_Exercise details_: From the material below, return exactly the lines starting at the one that holds "DIY Craft Flowers" and ending at the one that holds "Arbeitszeugnis Raumpflegerin Rechtssichere". Pictures stay out of the answer.

_Material supplied_:
* * *

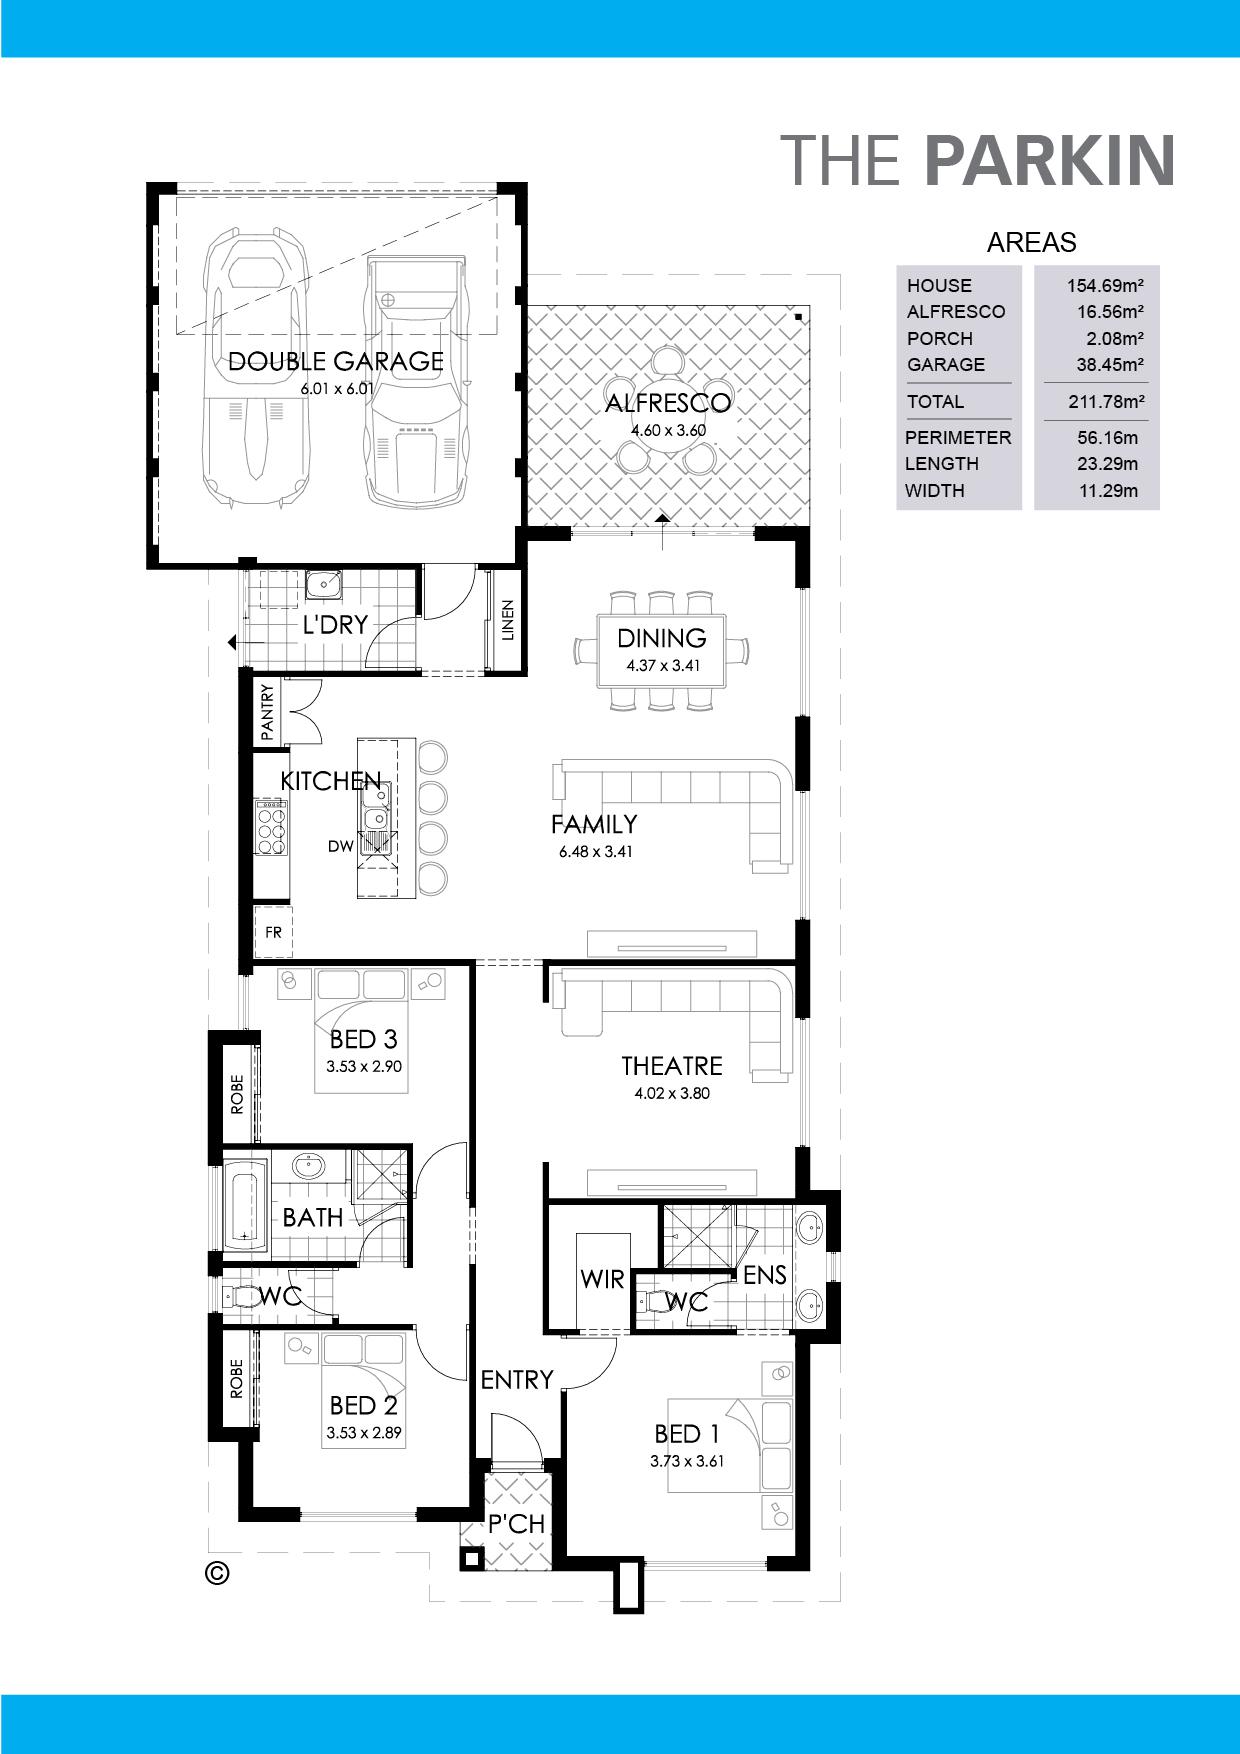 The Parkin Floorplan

* * *

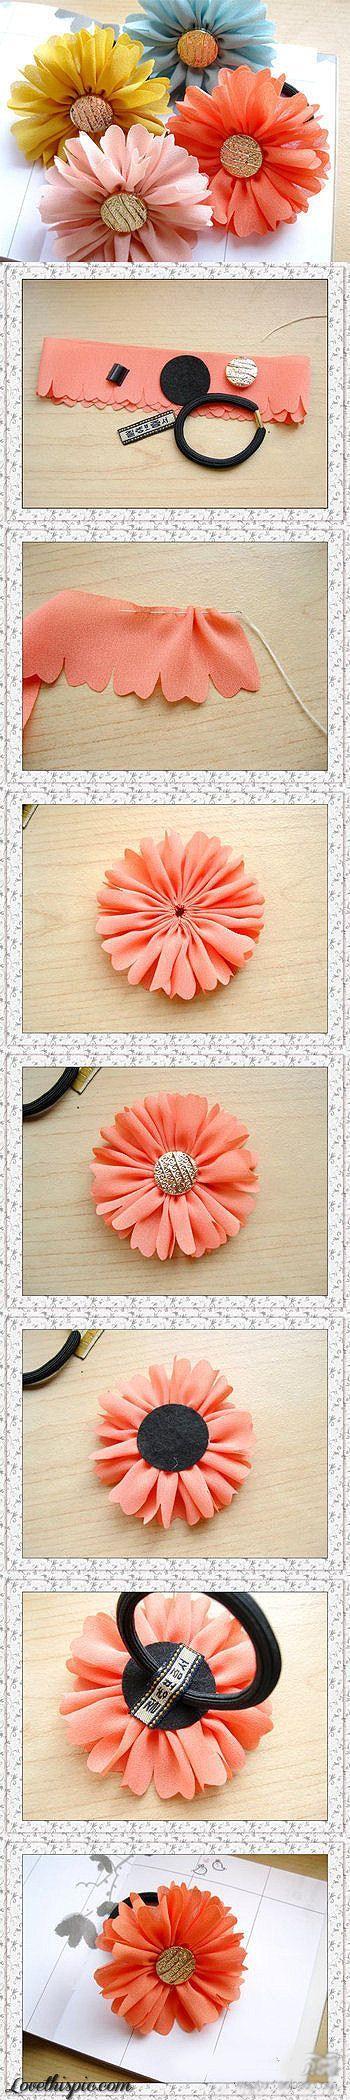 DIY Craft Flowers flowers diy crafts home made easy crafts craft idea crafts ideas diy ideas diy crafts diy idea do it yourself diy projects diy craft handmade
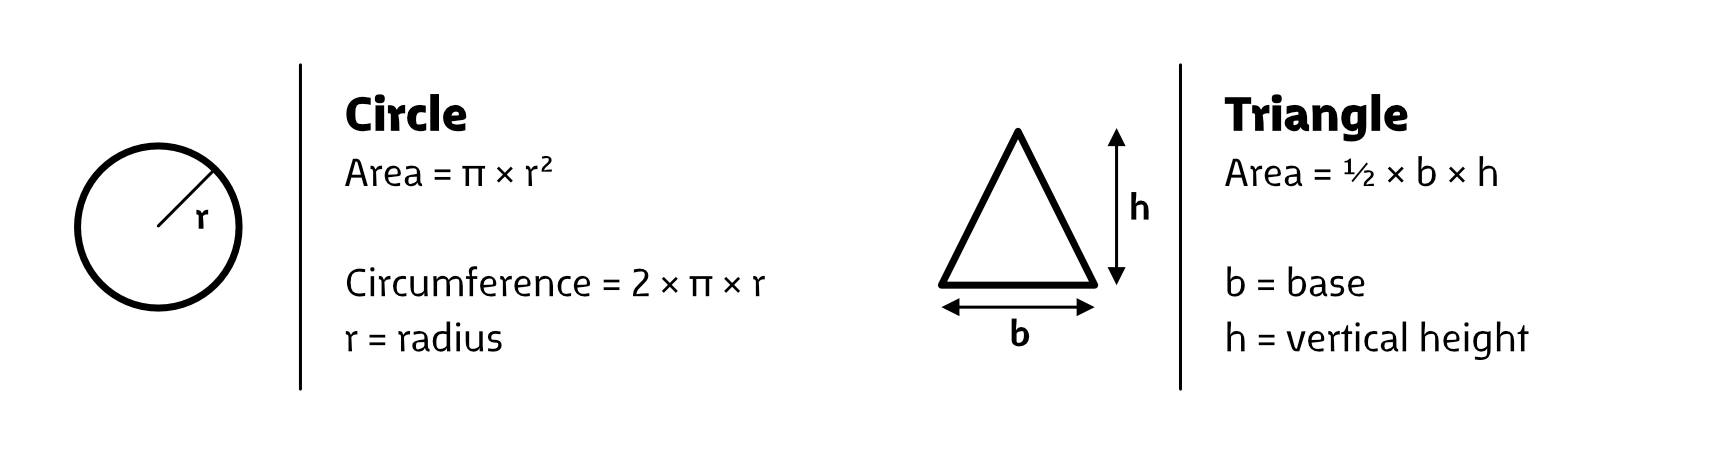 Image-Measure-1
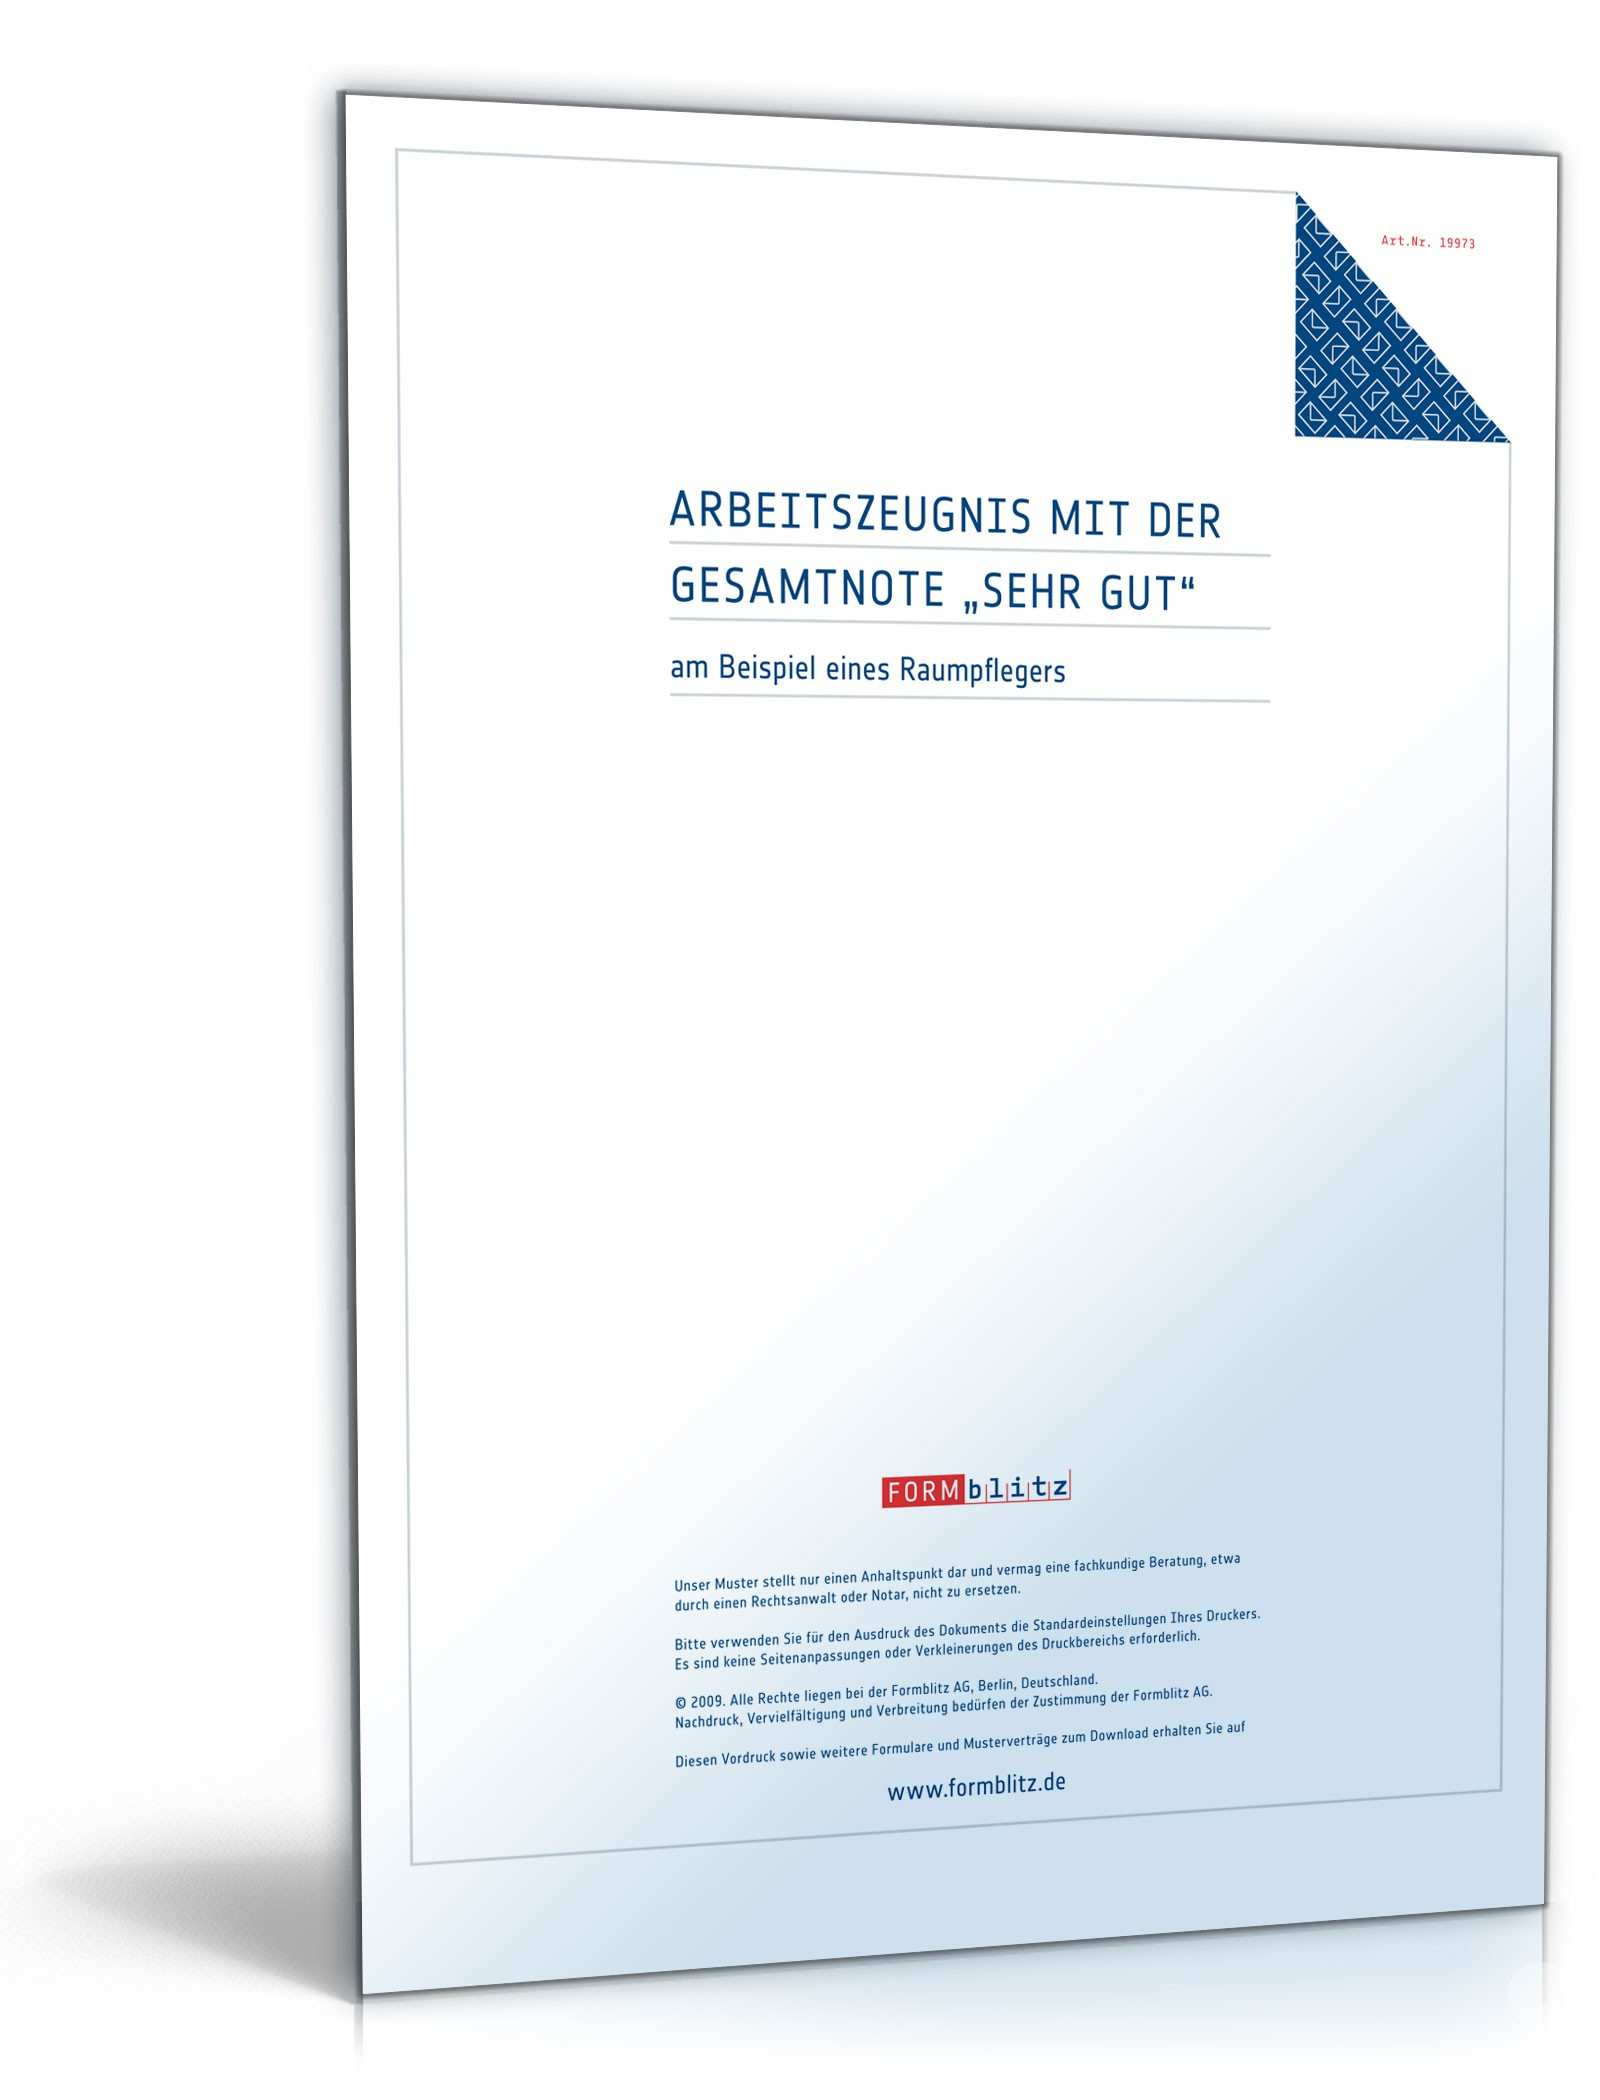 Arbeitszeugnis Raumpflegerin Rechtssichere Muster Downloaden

* * *

_Result_:
 DIY Craft Flowers flowers diy crafts home made easy crafts craft idea crafts ideas diy ideas diy crafts diy idea do it yourself diy projects diy craft handmade
 Image-Measure-1
 Arbeitszeugnis Raumpflegerin Rechtssichere Muster Downloaden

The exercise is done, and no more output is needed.